• _WHAT IS EXPECTED_
Where a picture occurs in the data, omit it, and copy all remaining data exactly.

• _INFORMATION SHOWN_
== Segment start ==

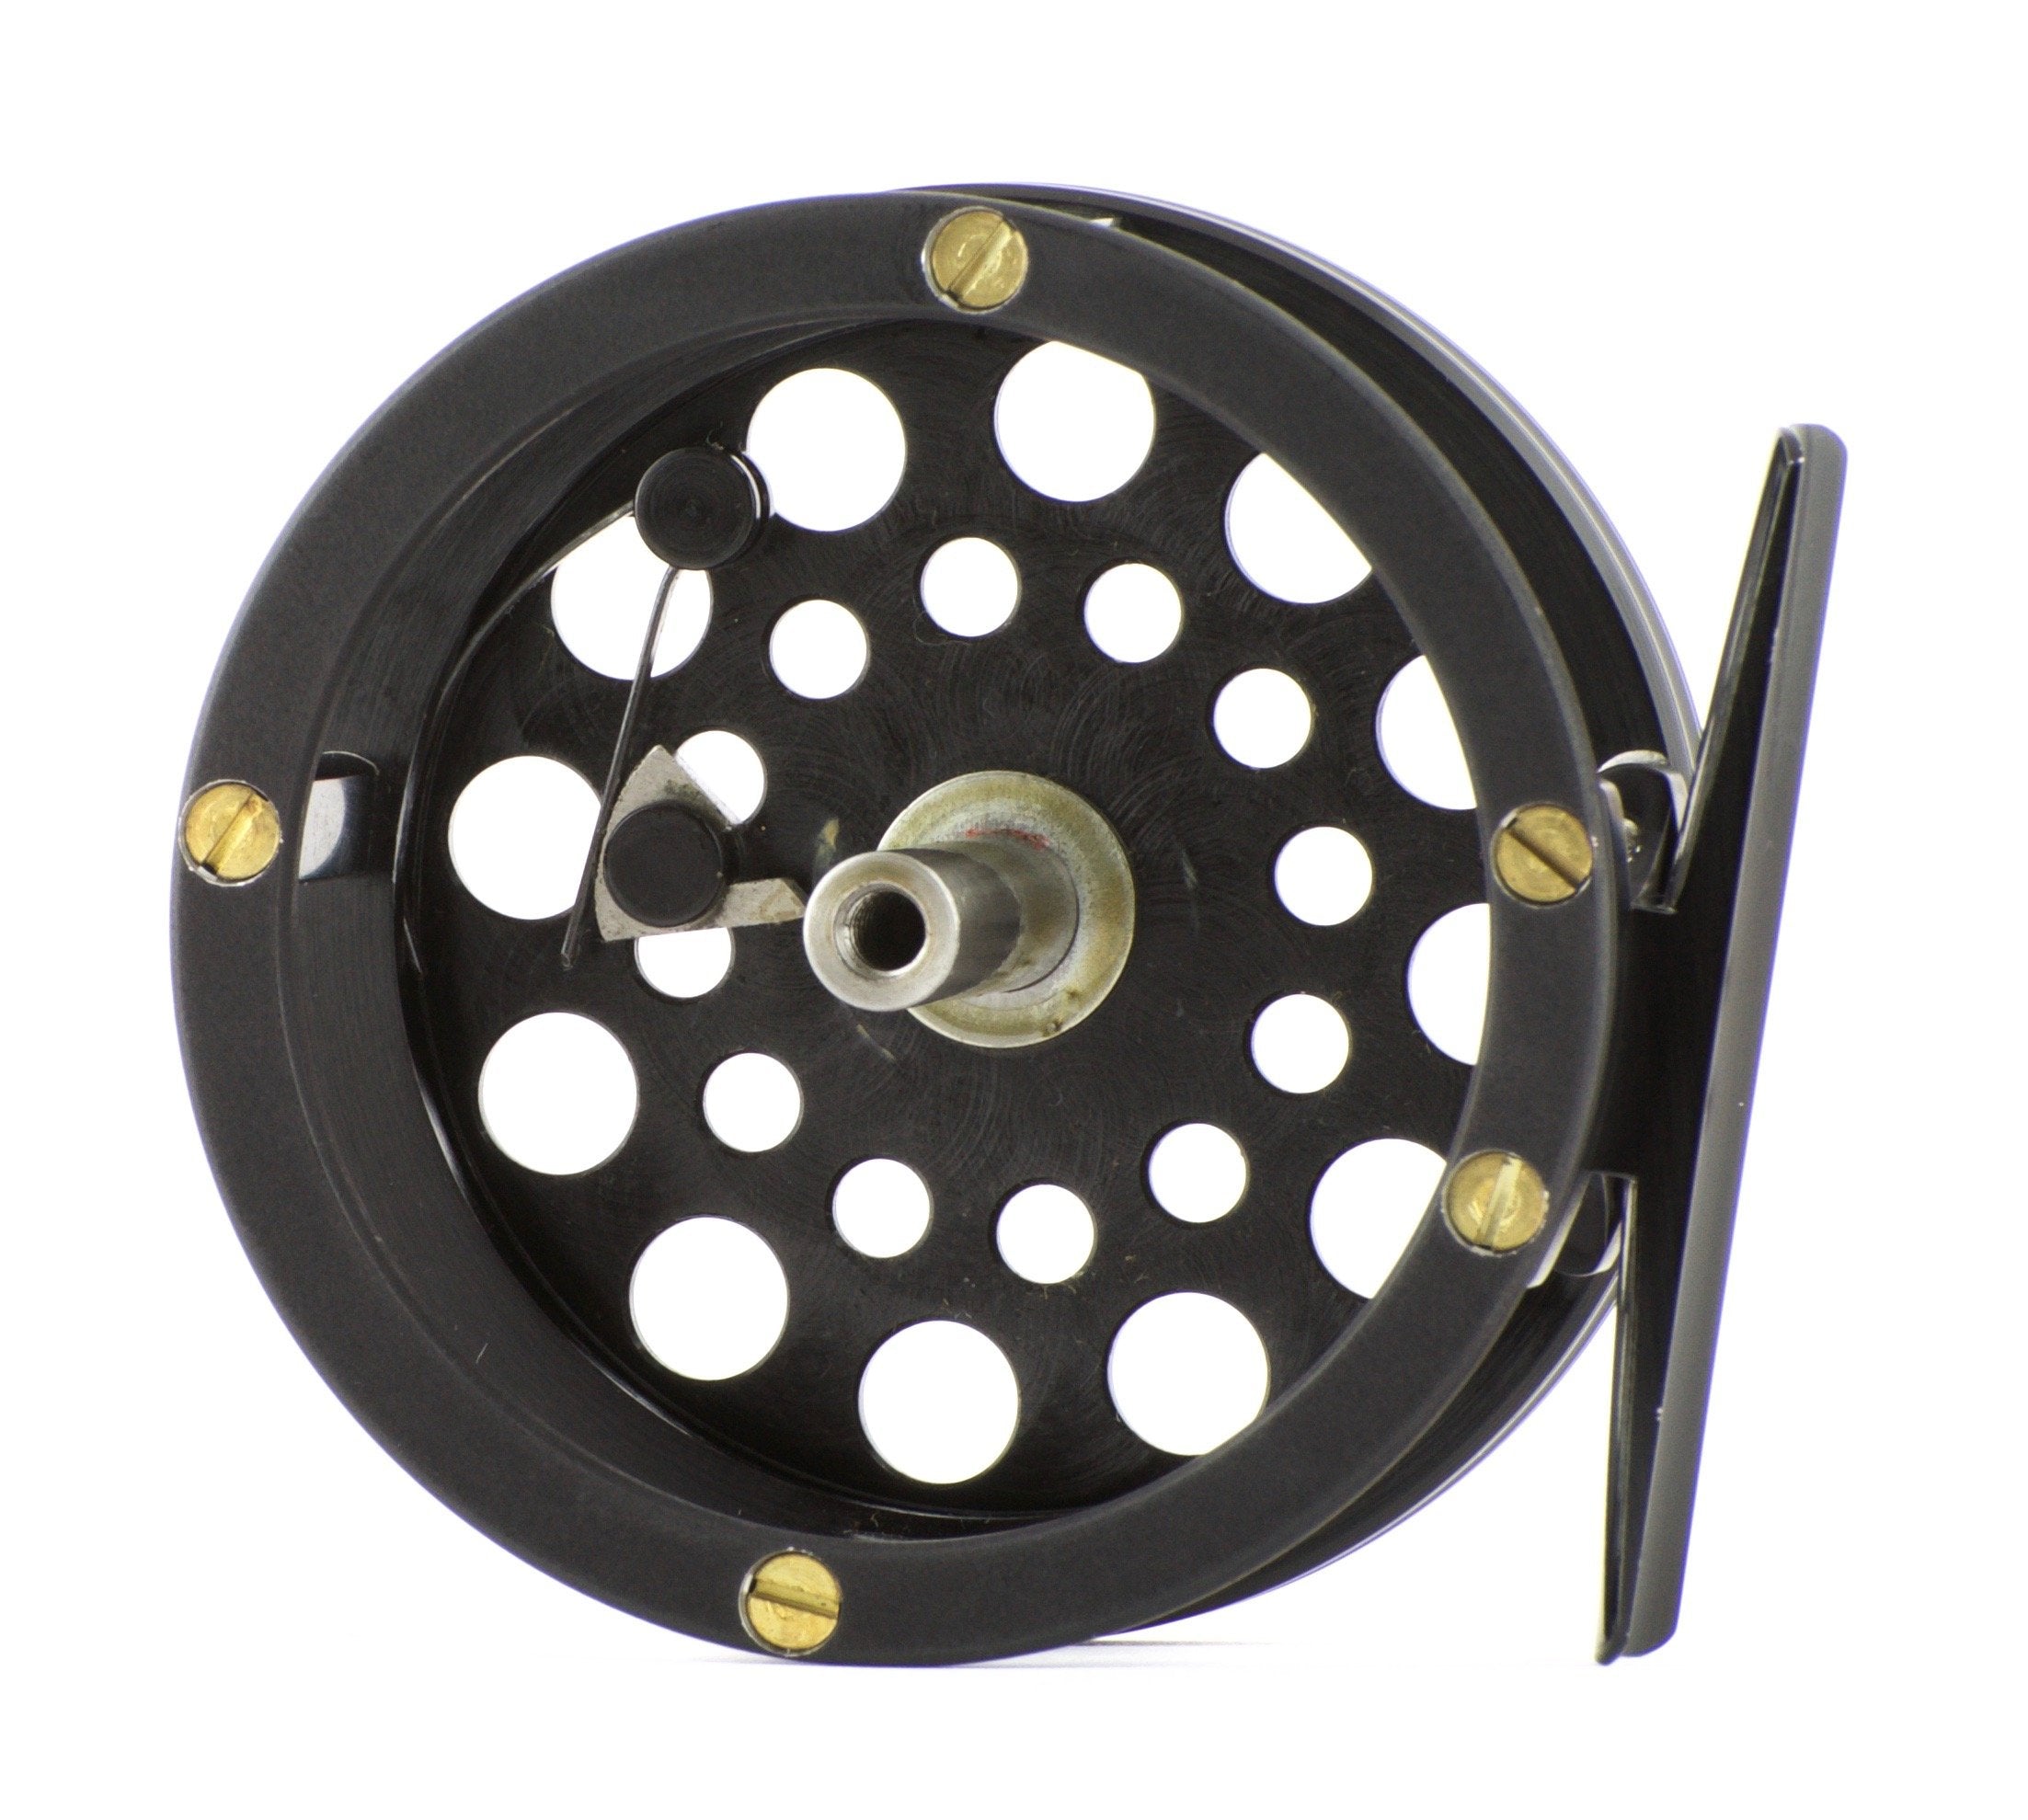 The hunt is finally over, Classic Fly Reels
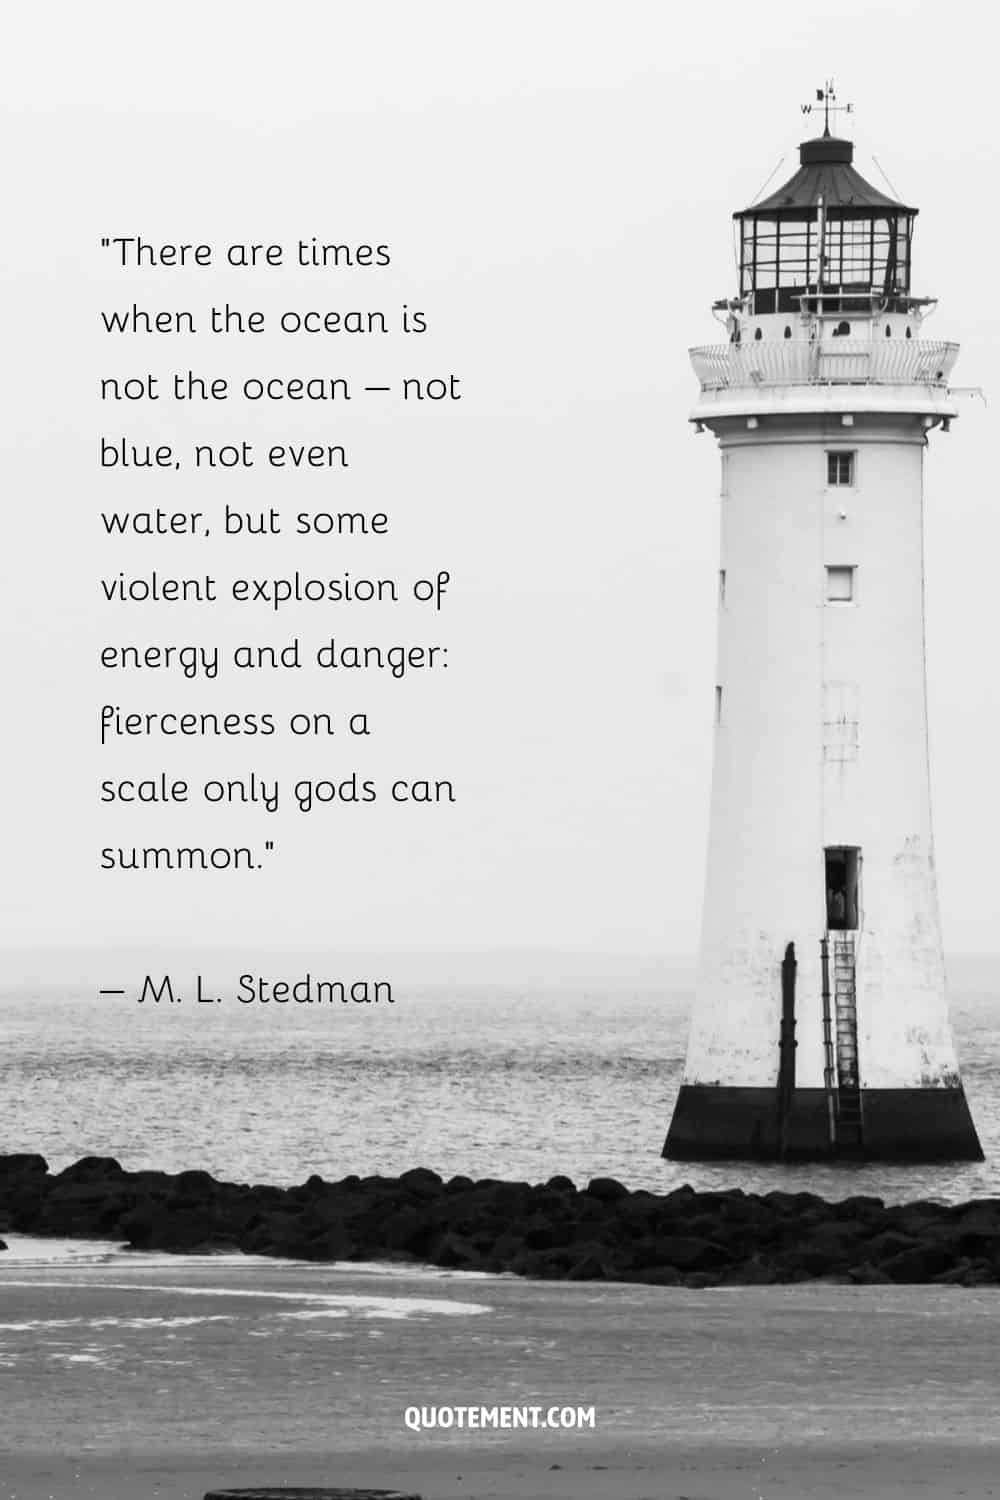 Deep quote by M. L. Stedman and a lighthouse in black and white
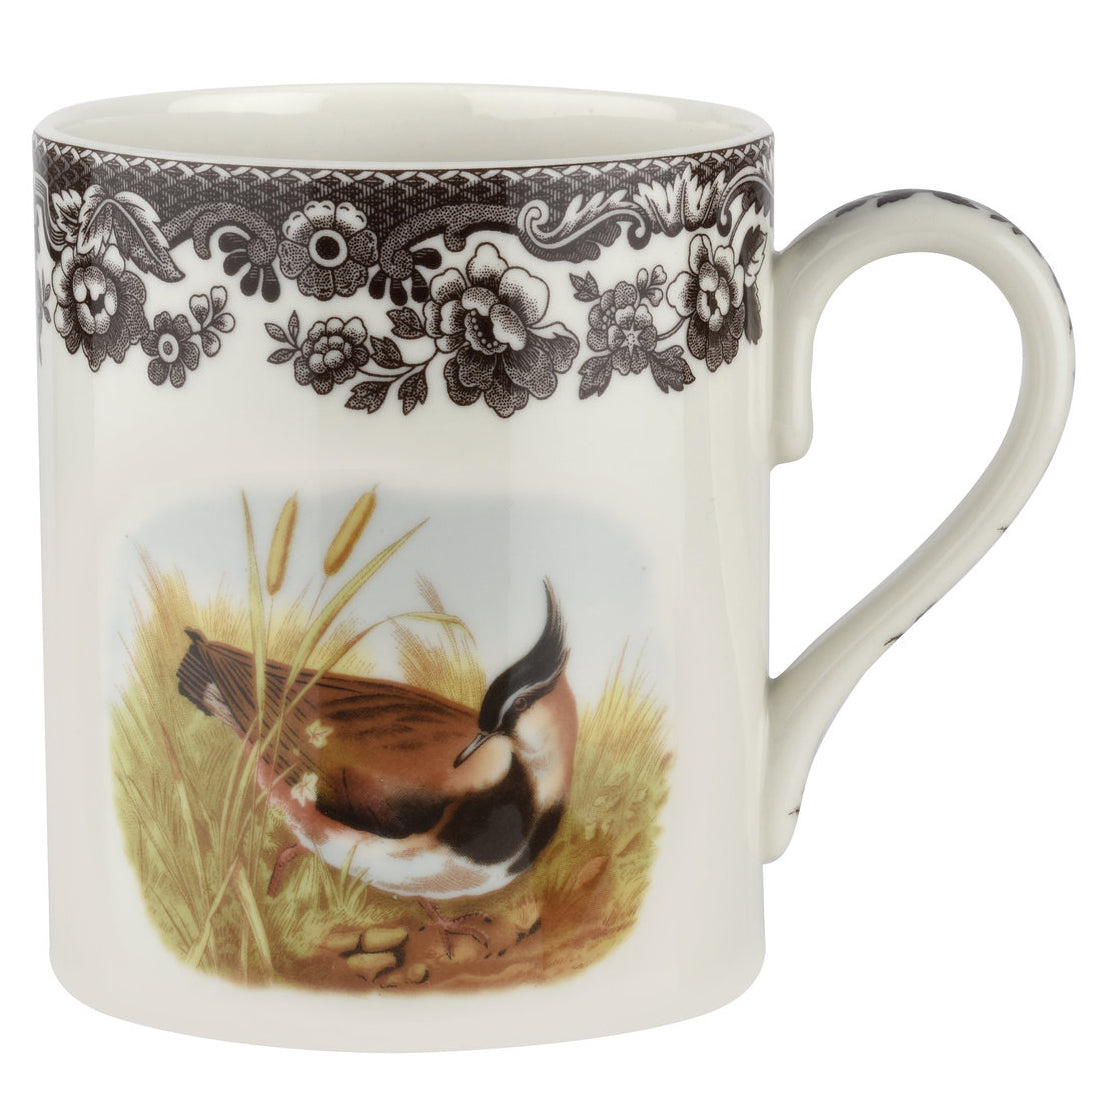 Spode Woodland Large Mug-16 oz.-HOME/GIFTWARE-Lapwing-Kevin's Fine Outdoor Gear & Apparel
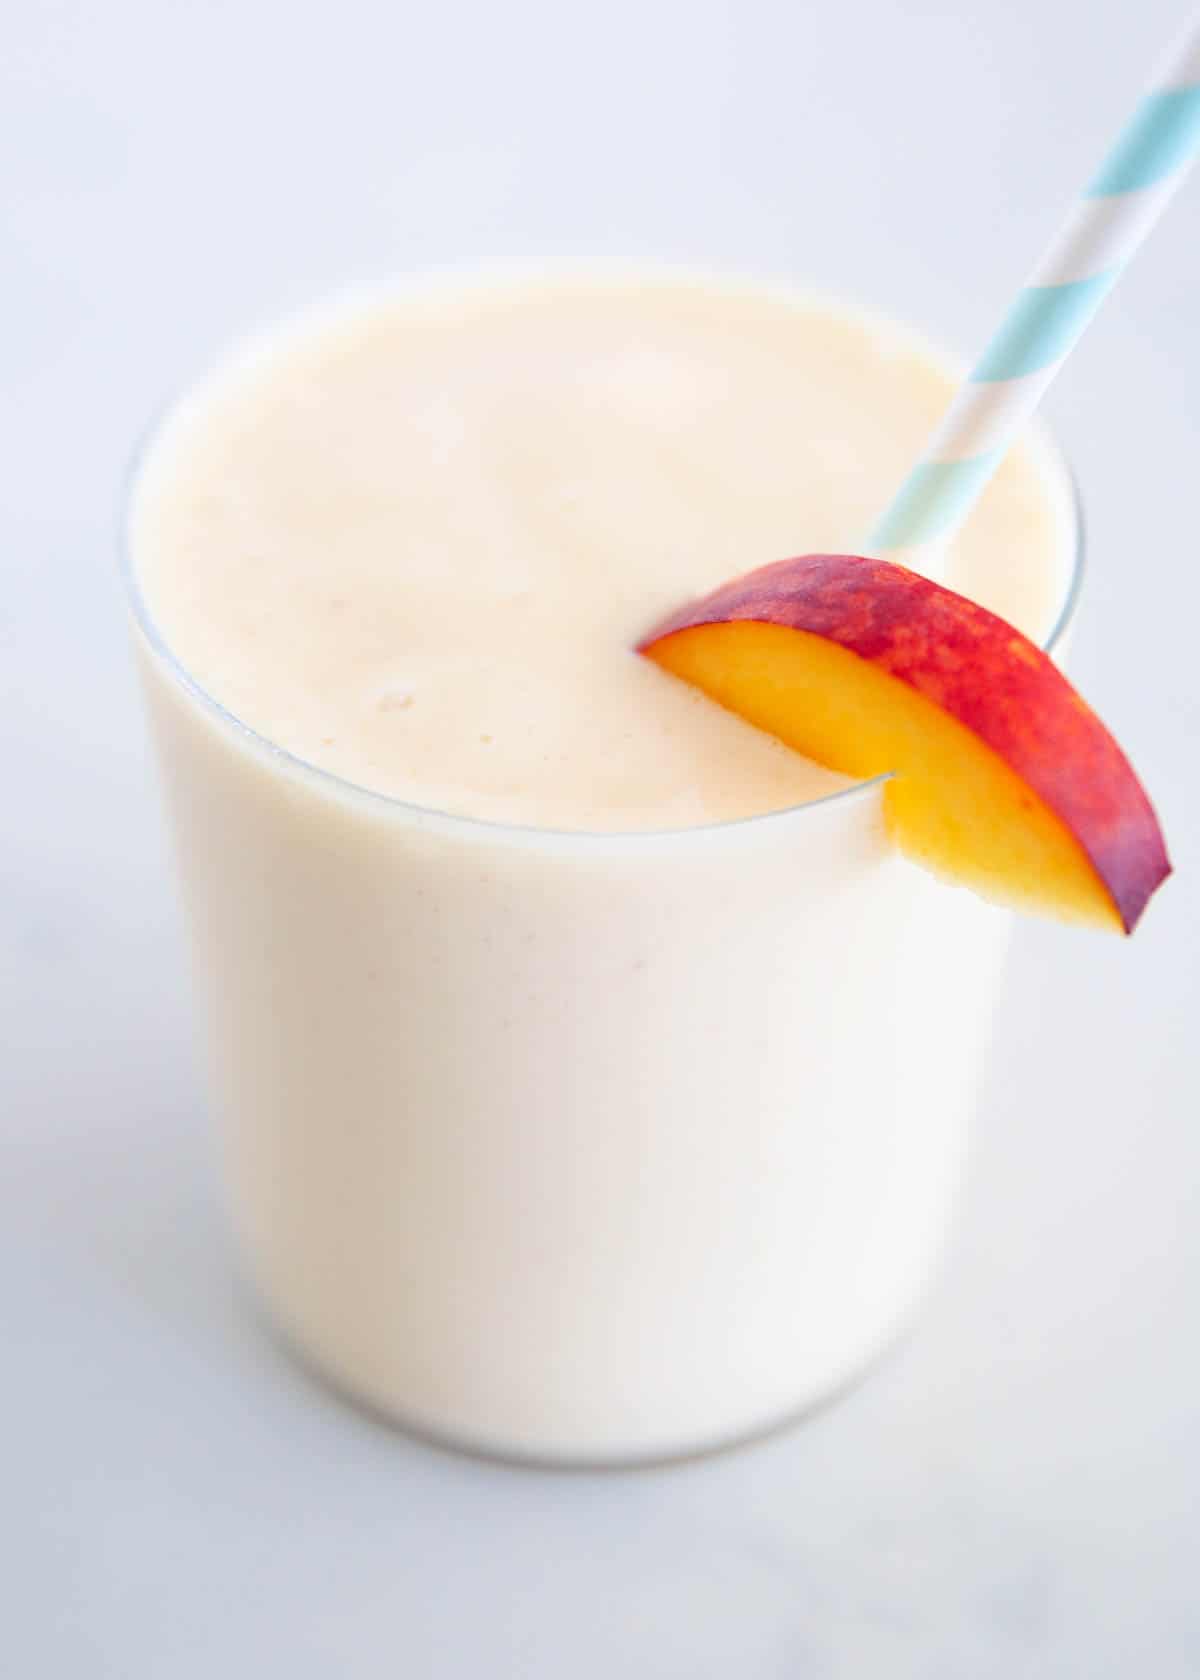 Peach smoothie in cup with straw.

== Segment end ==

• _WORKED SOLUTION_
 The hunt is finally over, Classic Fly Reels
 Deep quote by M. L. Stedman and a lighthouse in black and white
 Spode Woodland Large Mug-16 oz.-HOME/GIFTWARE-Lapwing-Kevin's Fine Outdoor Gear & Apparel
 Peach smoothie in cup with straw.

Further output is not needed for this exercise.